Well, this is what I assumed would have been the process: $\lim_{x \rightarrow -\infty}\frac{ x }{ \sqrt{9x^{2}+x}+3x } = \lim_{x \rightarrow -\infty}\frac{ x }{ |x|\sqrt{9 +\frac{ 1 }{ x }}+3x}$ $$\sqrt{x^{2}} = |x|$$, but since x is going to minus infinity, I thought the absolute value would become -x, in which I could continue from there. But that gives me $$\frac{1}{-3+3}$$, which is blah!
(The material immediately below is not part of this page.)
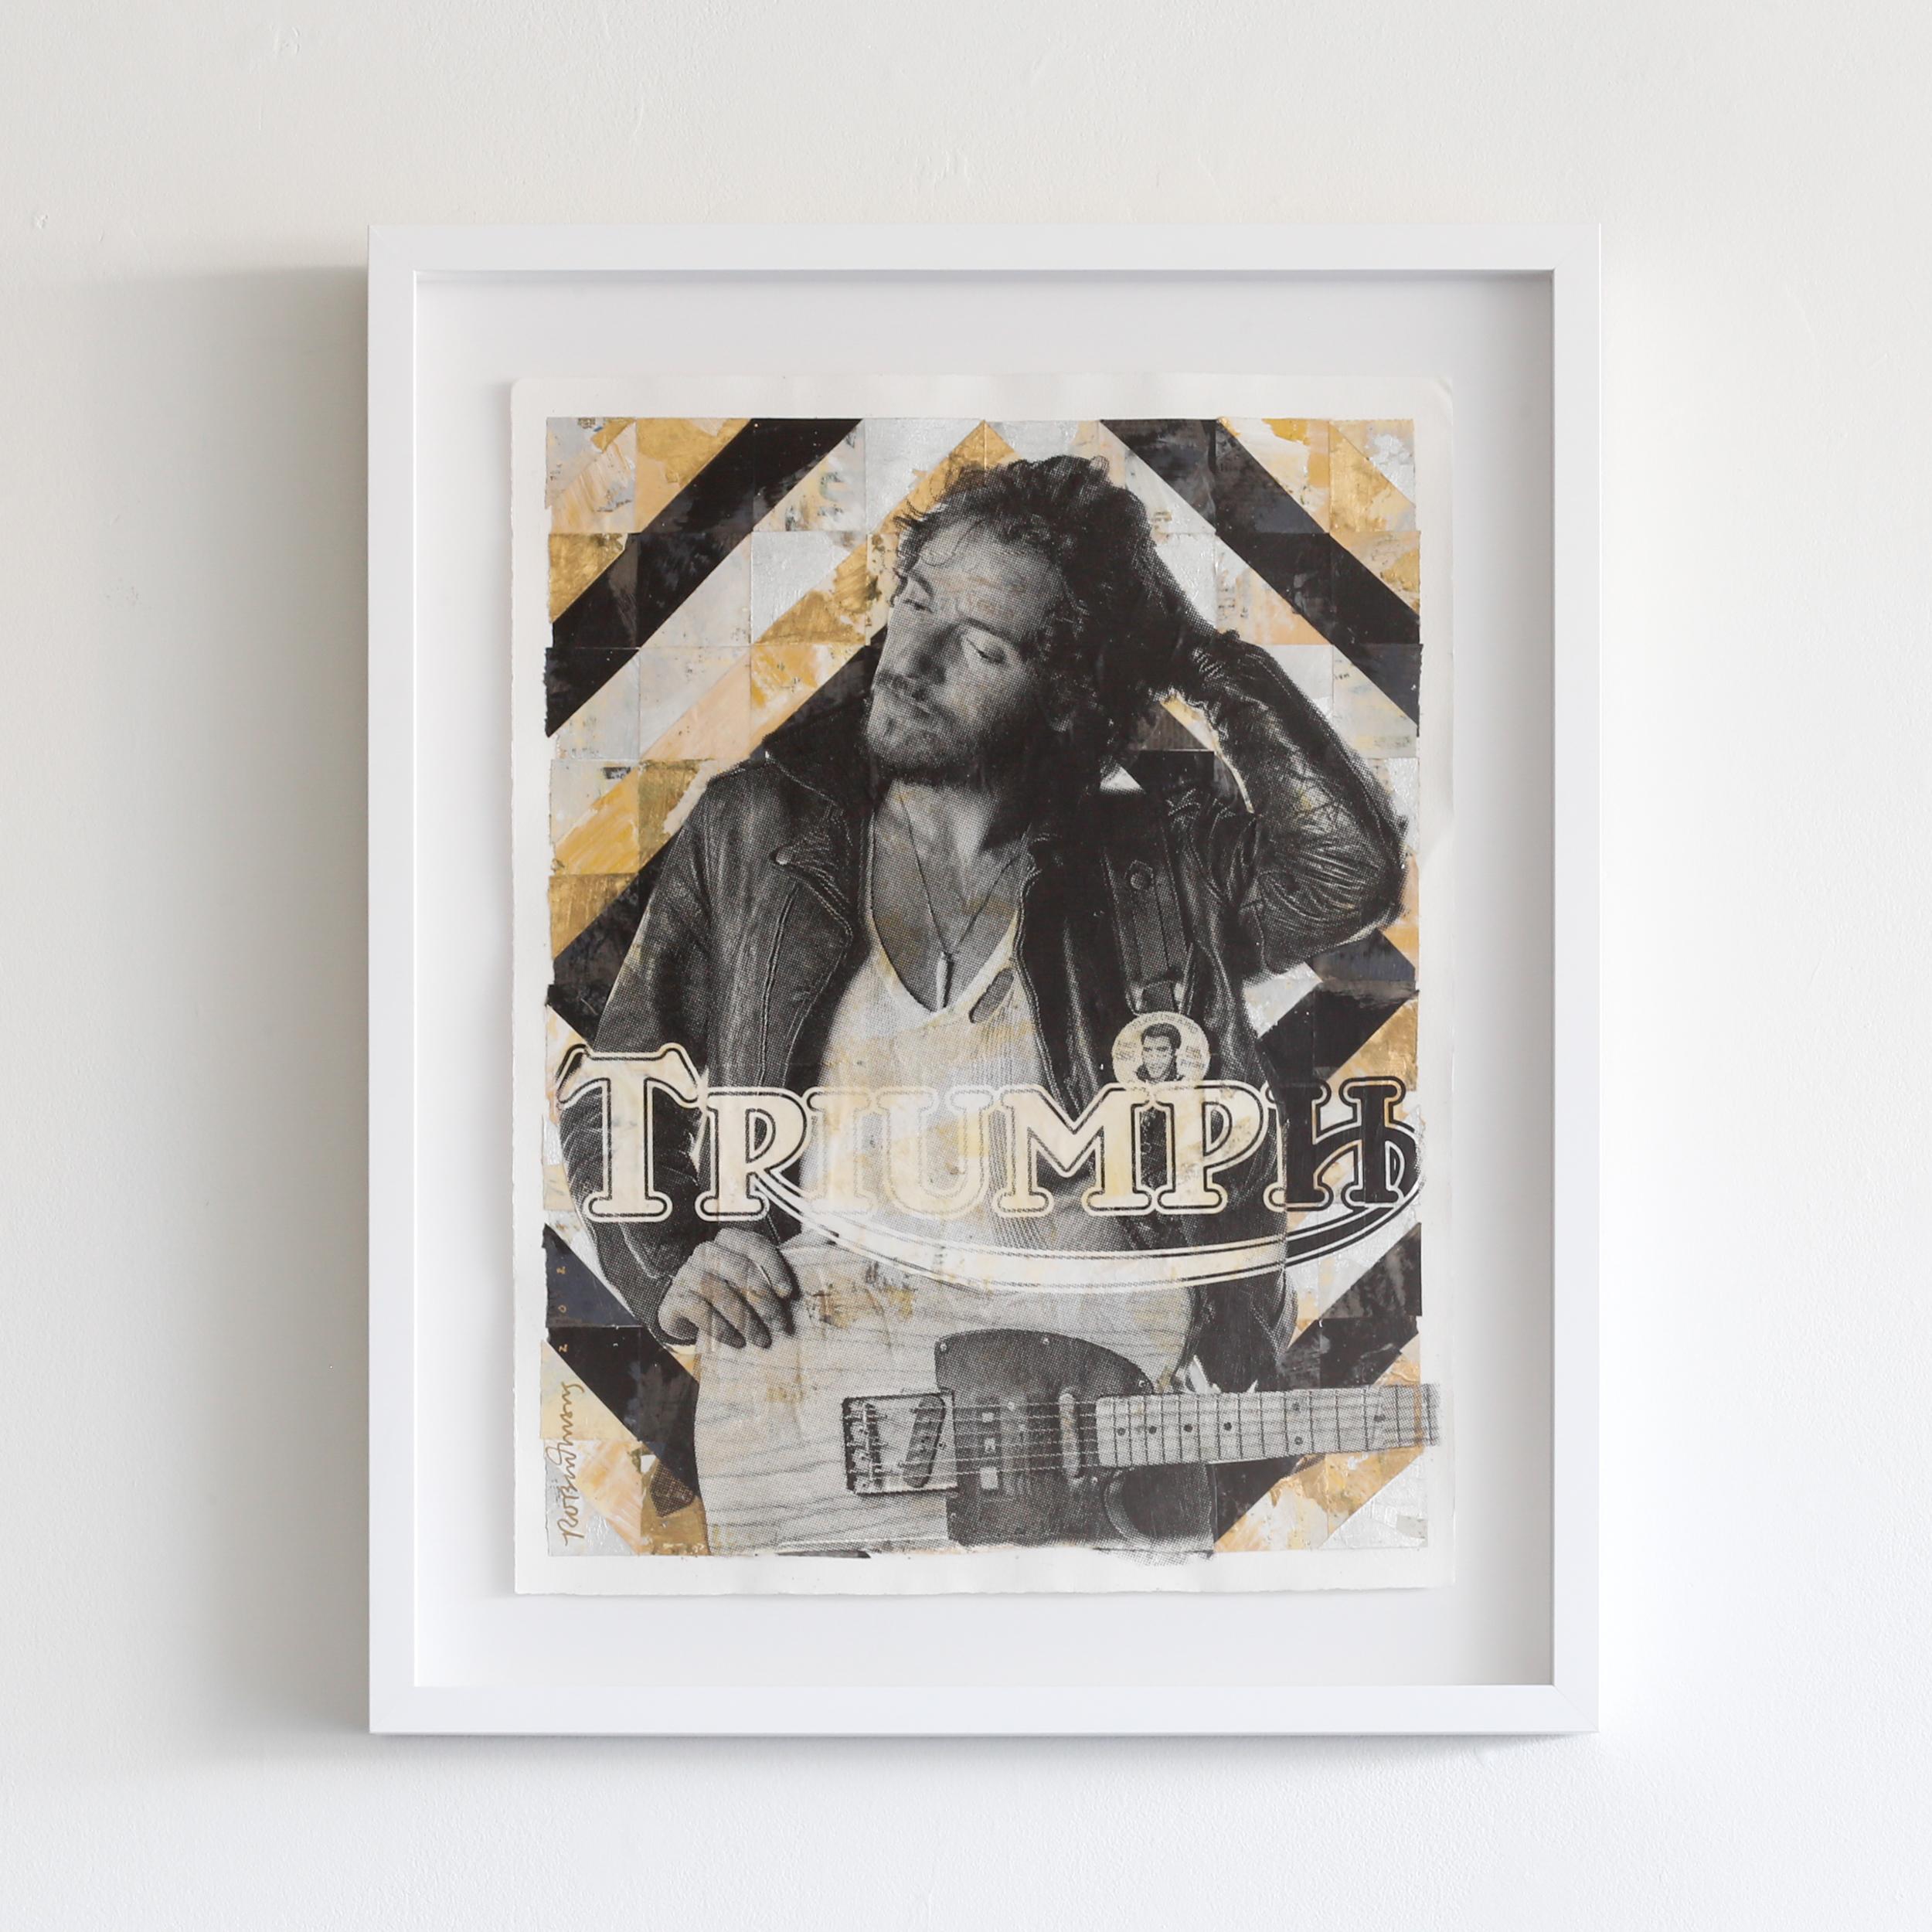 Triumph - Contemporary Mixed Media Art by Robert Mars

Haha

14. anonymous

Happy dance :D

15. zzr0ck3r

I hate calculus lol

16. zzr0ck3r

@ganeshie8 will save the day

17. ganeshie8

$$\lim\limits_{x \rightarrow -\infty}(\sqrt{9x^{2}+x}-3x)$$ Ahh right, absolute bars seems to be the key $\sqrt{9x^2+x} =\sqrt{\left| 3x+\frac{1}{6}\right|^2 -\frac{1}{36}}$ as $$x\to -\infty$$, above expression approaches $$\left|3x+\frac{1}{6}\right| = -3x-\frac{1}{6}$$

18. anonymous

Okay, so I see how the square root approaches that. Do we still have the $$3x$$ term? Not that it would matter, but making sure whether or not we only considered the root or the entire expression.

19. ganeshie8

$$\lim\limits_{x \rightarrow -\infty}(\sqrt{9x^{2}+x}-3x) = \lim\limits_{x \rightarrow -\infty}(-3x-\frac{1}{6}-3x)=\infty$$ $$\lim\limits_{x \rightarrow \infty}(\sqrt{9x^{2}+x}-3x) = \lim\limits_{x \rightarrow \infty}(3x+\frac{1}{6}-3x)=\frac{1}{6}$$

20. anonymous

Very clever @ganeshie8 :) I suppose I would just have to make the same argument you did. And you showed me a new trick to consider with the absolute values :D $$x^{2} \rightarrow\ |x|^{2}$$

21. anonymous

Thanks again, like many many times before, lol.

22. ganeshie8

np:)